#ChineseFoodiesofIG: Helen & Leo of Chinese Laundry, LA

 

This is part of an ongoing series of interviews I’m doing with my favourite Chinese foodies that I follow on Instagram. Come and follow the #ChineseFoodiesofIG hashtag on Instagram and leave a comment showing your support for these talented folk!

Where are you from? Where are you really from?

Helen: I am from Beijing, China where I lived the first 12 years of my life. I lived in Budapest, Hungary for the next 6 years before coming to the United States for college. But my family lives in China.
Leo: I am born and raised in San Diego. I am half Portuguese, quarter Greek and quarter Irish New Zealander.

What does home taste like?

Helen: Home tastes like a combination of the Yangtze River Delta, Chengdu, Harbin, and Beijing. My grandparents on my father's side emigrated from the Yangtze River Delta to Beijing, where my father was born. My grandparents on my mother's side emigrated from Chengdu, Sichuan to Harbin in Northeastern China, where my mother grew up. We ate quite a mixture of regional foods from all these regions.

Leo: Tacos and Linguica

Rice or noodles?

Helen: I grew up with my father's side of the family, so rice and very thin dragon whisker clear broth soup noodles was my preference growing up. However in the recent years I have really grown to love noodles too.

Leo: Noodles for sure. I just really like them and you can go deep into a story of cultural history, techniques, and flavors from region to region.

Share a food memory:

Helen: Summer of 1989, my parents and I lived in the traditional courtyard residents next to Tian'anmen square. Power outages were frequent that summer which led to all the families sharing the courtyard to spend their evenings together outside in the courtyard. One day my mother made these green pepper and gourd dumplings. My friends and I couldn't stay away from these amazing dumplings and raided these cold dumplings in the dark throughout the evening until they were all gone. These were the best dumplings I have ever had and I will never forget them.

Leo: During our trip to Tengchong, Yunnan, the rain brought us to eat lunch at a random little farmhouse restaurant by a wetland. The meal was the best piece of place and time I have ever experienced, purest in ingredient and simplicity. Ingredients from our meal were all produced by the large green valley we were in. Opium seed crusted crispy fish that was freshly caught from the wetland waters, spring chives and hearts of wild rice stalk with a few slices of simple cured pork and micro sized shrimp scooped from the wetlands behind us, super flavorful clear chicken broth with tobacco flowers using freshly slaughtered chicken that grew up foraging in the lush wetland vegetations, blood sausage steamed and sliced, a few dishes of freshly foraged world class mushrooms washed in spring water running through the wetlands, mound of fiddlehead and young shoots of ferns also foraged just on the base of the mountain across the road from the wetland valley, locally grown rice, sliced chili and ginger condiment and more. The food was as wild as the place where they came from, and you can literally taste it and there's nothing like it.

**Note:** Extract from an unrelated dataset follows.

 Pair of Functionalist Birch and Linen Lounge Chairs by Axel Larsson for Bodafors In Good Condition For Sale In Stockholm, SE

What’s in your fridge at home?

Fermented tofu, olive pickled mustard greens, leek flower paste, homemade soy milk, homemade fermented sweet rice, homemade cured pork belly, Cosmic Sass (our own fermented chili), homemade salted duck eggs, homemade fermented chopped chili, homegrown Fresno and Thai chilis and 4-5 more chili condiments, homemade tepache. A piece of pork belly, sausage casings, alliums and herbs from the yard, some veggies and fruits, Topo Chico.

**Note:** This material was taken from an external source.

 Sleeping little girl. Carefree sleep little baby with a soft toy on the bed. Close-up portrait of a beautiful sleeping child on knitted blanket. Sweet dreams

Who's your Chinese food legend?

Helen: my grandmother 

Leo: my wife

What’s a Chinese recipe everyone should learn?

A simple homestyle Xiao Chao (stir-fry). Most people get stir-fries all wrong by combining too many different ingredients in a disproportionate way that often don't work together. Learning to marinate the meat correctly and understanding the proportions between various ingredients and seasoning is fundamental to learning homestyle Chinese cooking, and can be applied to many dishes across the board.

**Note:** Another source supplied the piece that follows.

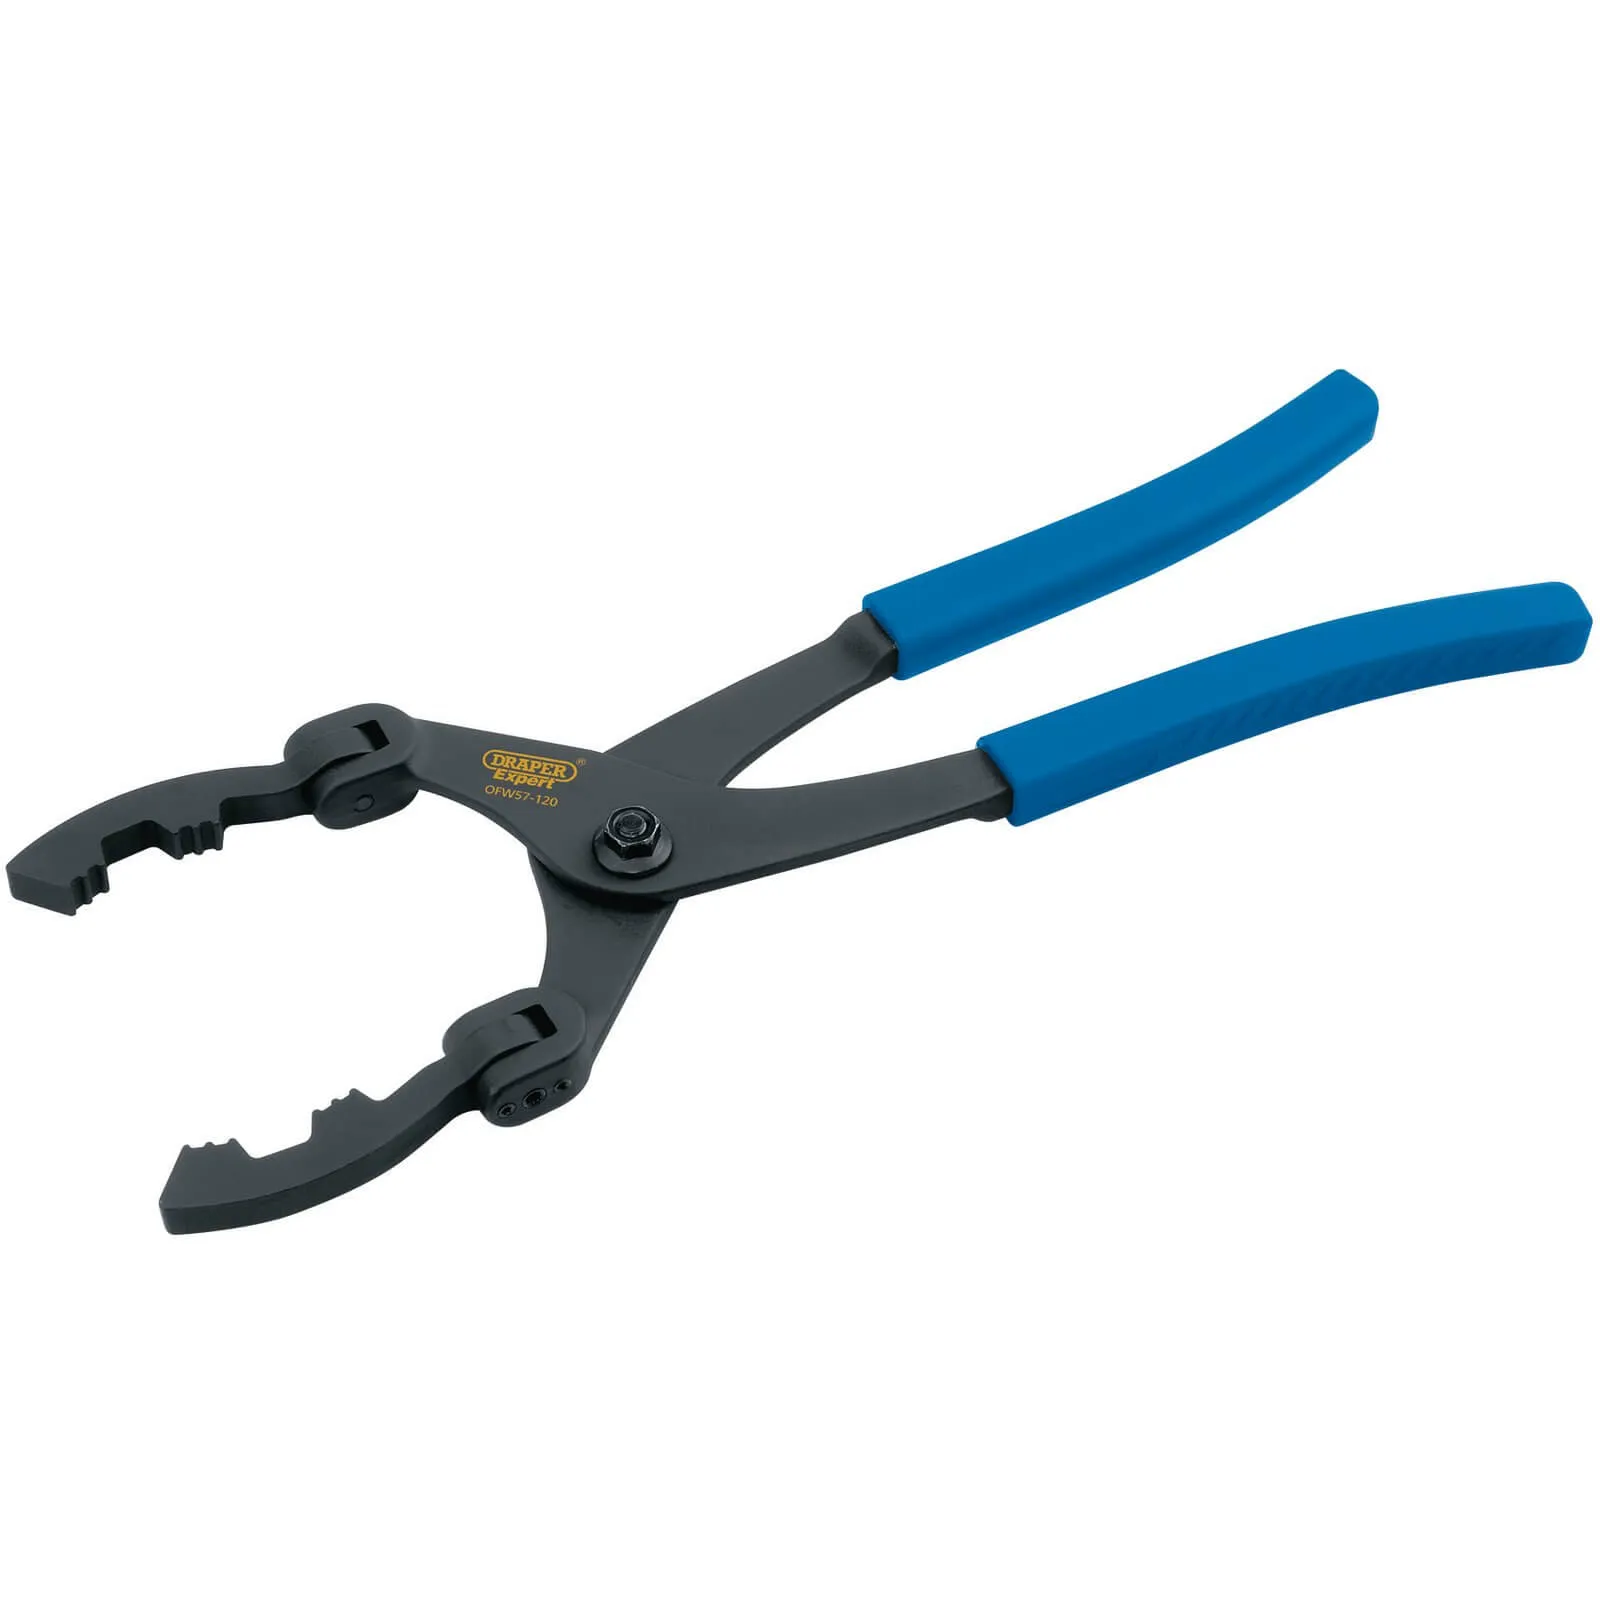 Draper Expert Oil and Fuel Filter Pliers

Dream dinner party guests:

All of our most loyal fans who have been supporting us since the start, Helen's grandmother, Fuchsia Dunlop, Li Ziqi, Leo's La Mian teacher, Evan Kleinman.

Most underrated Chinese ingredient:

In the West, probably cooking wine.

What would you like to tell the world about Chinese food?

Chinese food is as diverse as the climatic and geographical conditions that informed the cultures that created the various tastes in the first place. Not only does each dish tell a story of the land and its people, many traditionally dishes were also medicinal. we truly believe Chinese food is one of the most approachable and accessible window into Chinese history and culture, and it is why we are committed to telling its story through our work.